The HK system as it came was okay, enough for me I thought initially. Then I noticed I would hear the rear 10" sub fart w/volume set above 26-28 outta 35 so I started looking into swapping out the sub, nothing would fit. I then decided to add a woofer box and amp. Wired up the amp, got a loc (lc2i pro), unplugged the old woofer and pulled signal from the sub which turned out to be way low in volume. Ended up buying a harness from autoharnesshouse which had tapped the front door speakers and ended up producing much better results, but now the subs were way too much for the rest of the stereo. Solution for this was to add new speakers, which are still not enough so now I plan on adding a 4 channel amp. I have a couple of items to fix before delving into that.

After adding the speakers I now have two new issues
1. when i turn my volume up to 24-28 of 35 depending on the music, audio cuts out completely and my LC2i turns off. (this turned out to be my fault, stock amp does not like the lower ohmage of the infinity speakers)
2. the red light on my starlink is now on and I am getting reports of error in the app (red light gone after replacing 3 ohm 3.5 speaker with 4 ohms speaker and putting stock 6x9 back in)

A little background on the subaru system:
This is what I have learned but still don't completely understand...in the harman kardon systems the head unit passes its signal (only 2 L&R fullrange) to the DCM (the link between hu, starlink, amp, etc) which then goes to the HK amp that splits and processes the signal and finally to the speakers.

The DCM, because it is linked to the cars safety services (starlink), powers and monitors the front 3.5s (you get into a crash, starlink csr comes on and the audio is played through those speakers).
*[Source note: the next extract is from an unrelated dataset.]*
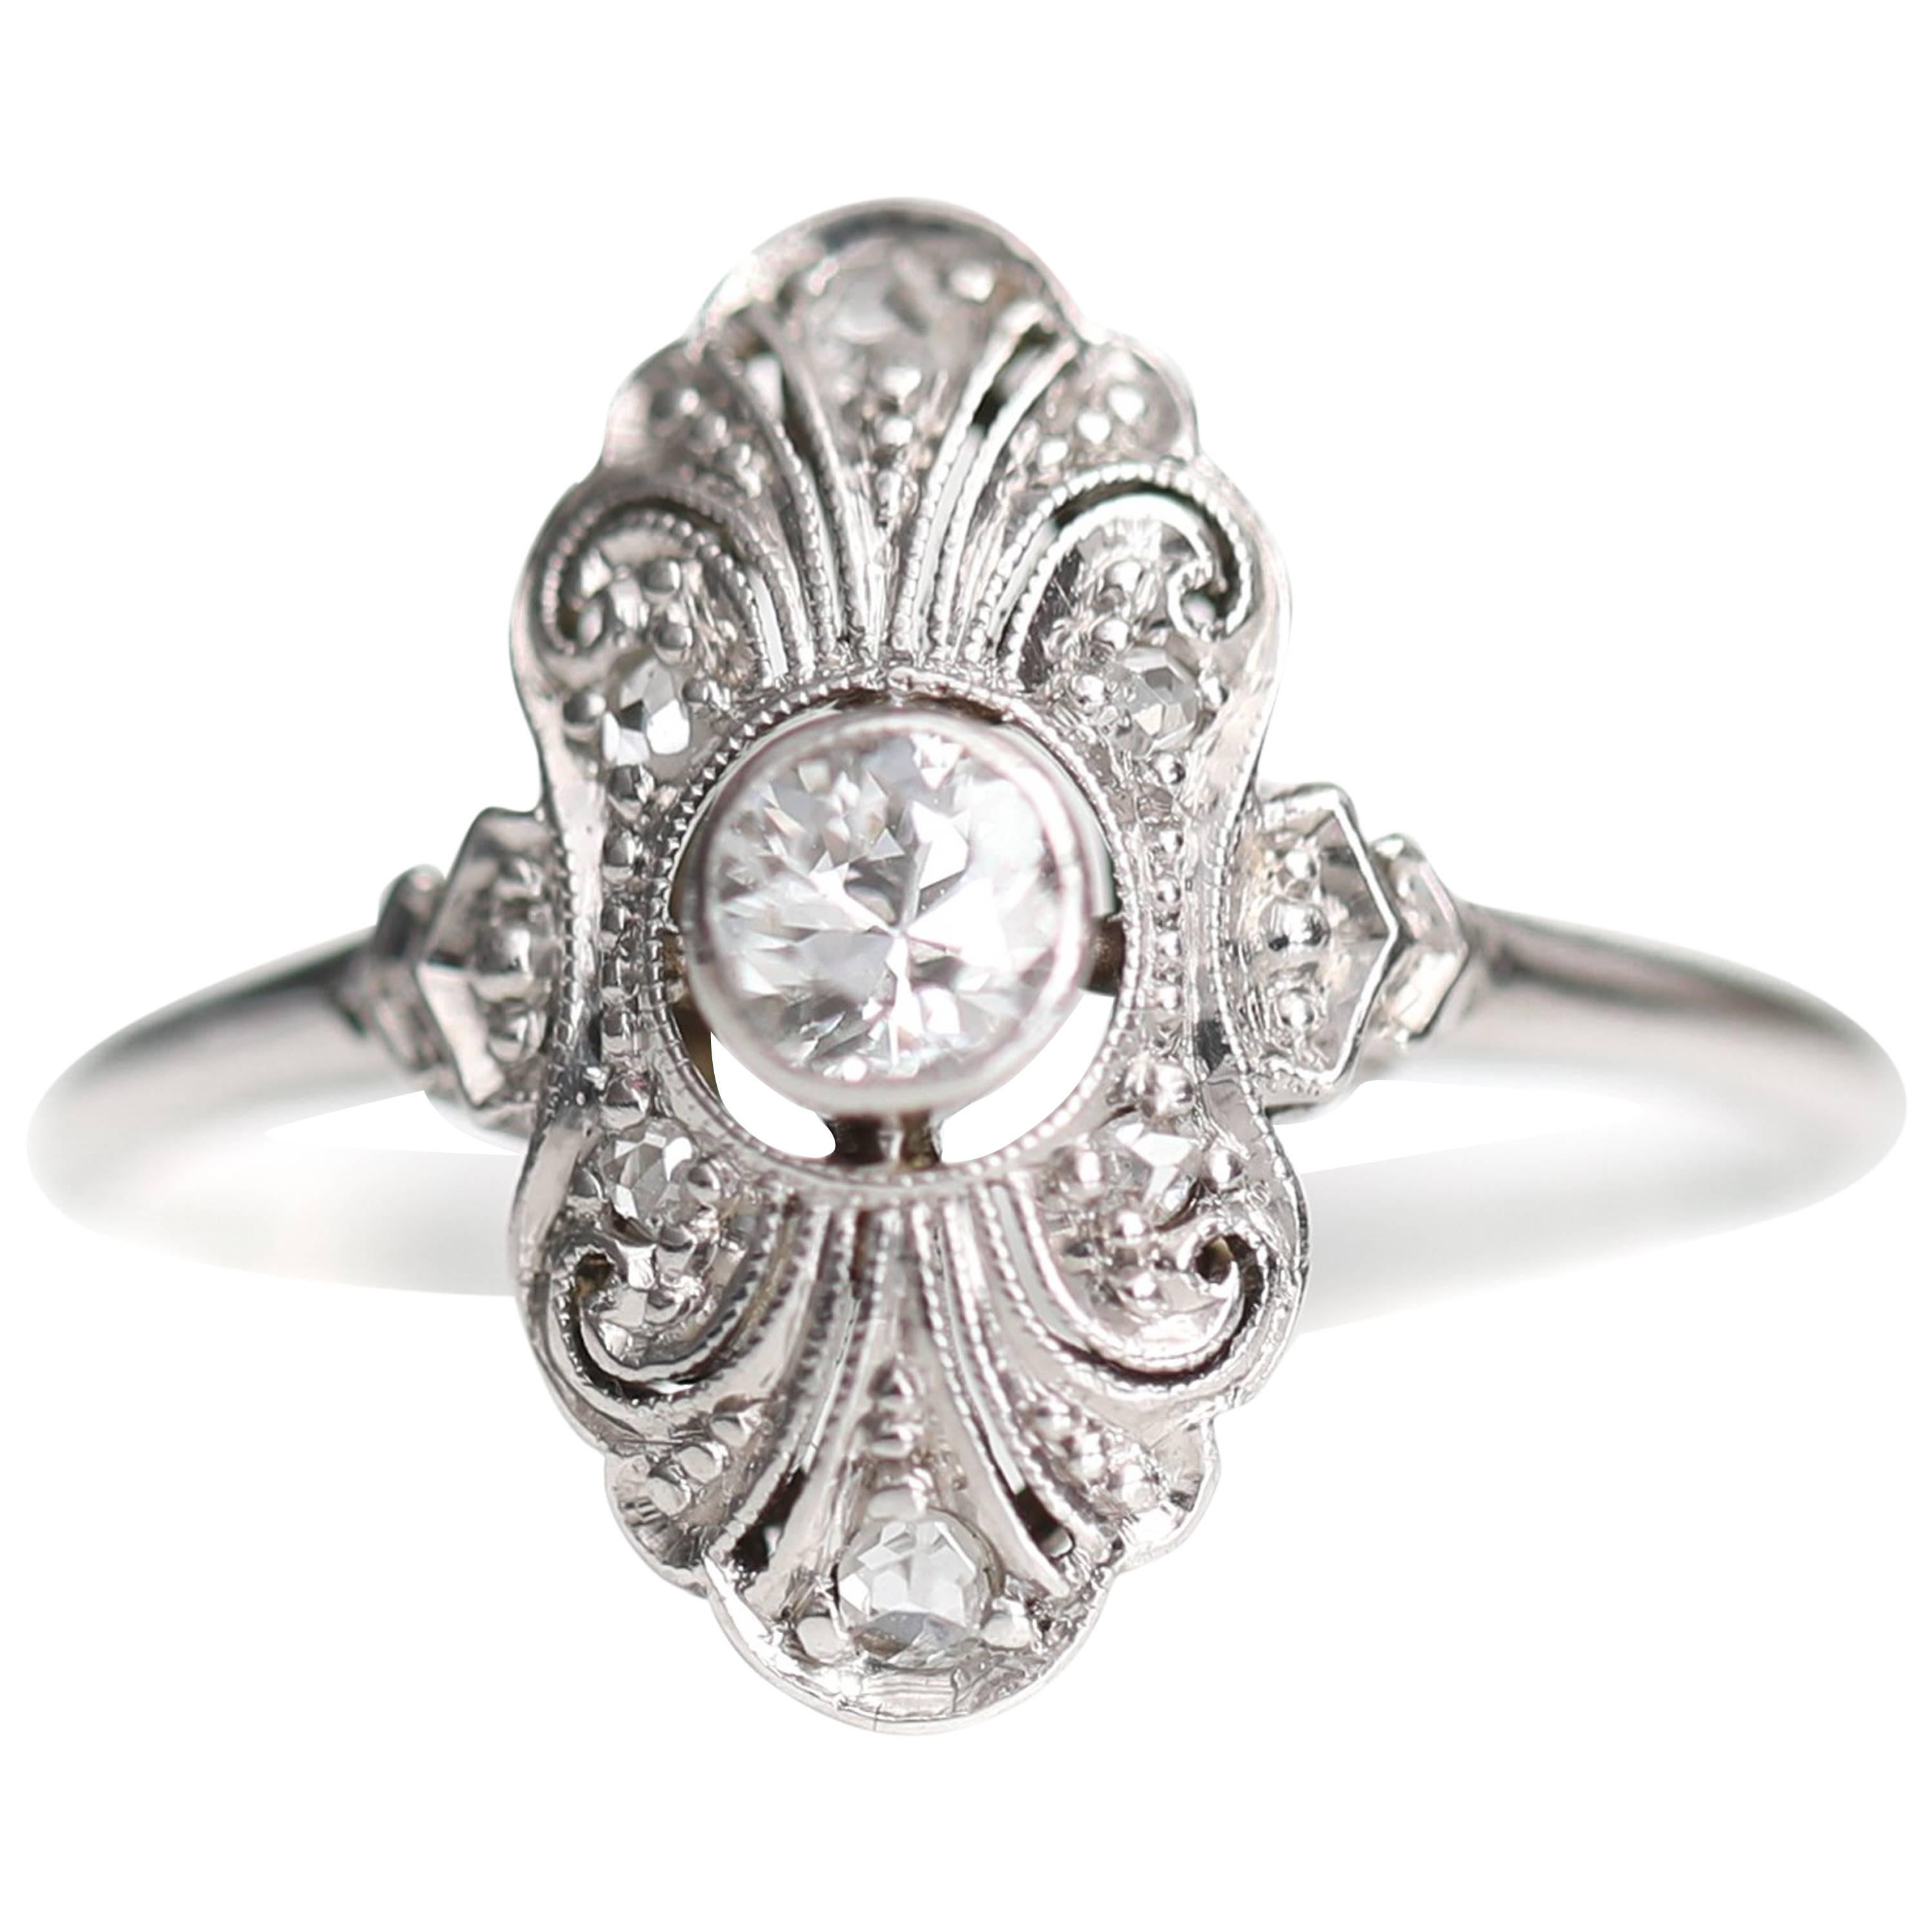 1920s .25 Carat Old European Diamond Engagement Ring, Platinum, 18k White Gold

When the voltage drops below a certain amount, the DCM errors out (confirmed in the cars audio diagnostics screen - hold <> temp & press tuning knob 6x) and mutes everything.

Can anyone confirm that I am understanding what happens correctly and would the solution to this issue then be to place inline a 1ohm 25w resister (3ohm speaker plus 1ohm resister wired in series) so that the dcm sees the 4 ohms it wants or am i on the wrong track, I don't really know how resistance and voltage works I just want the stereo to stop having issues so I can work on adding an amp for the doors.

Thanks in advance

Jerry
 
Last edited:
There may be a better solution, not familiar with the issue as it pertains to this configuration. I rarely, almost never advise this as I am apposed to putting resistors in the signal path for this purpose. If you're going to do it, use a high wattage resister.

Amazon product ASIN B077ZMFZM6
Some additional information:

 
This whole system is not working out how I intended so I am opening a new can of worms...I am gonna go with an LC7i to sum the channels bc I don't like the processing going on and that will go out to 2 amps, 1 for the door speakers and 1 for the sub.
 
This whole system is not working out how I intended so I am opening a new can of worms...I am gonna go with an LC7i to sum the channels bc I don't like the processing going on and that will go out to 2 amps, 1 for the door speakers and 1 for the sub.
Are you going to get the signal from each "corner" or just the 2 front speakers?
 
I'm gonna tap the front corners and front doors since I am 100% certain the front doors give me all the low range for the sub and the front dash 3.5s give me all the highs which the doors do not...I'll sum the signals using the LC7i and send 1 & 2 RCAs to the front amp and output 3 of the LC7i to the sub amp, leaving the 3.5s to be amped by the cars stock system so that I don't get the starlink red light or burn the DCM.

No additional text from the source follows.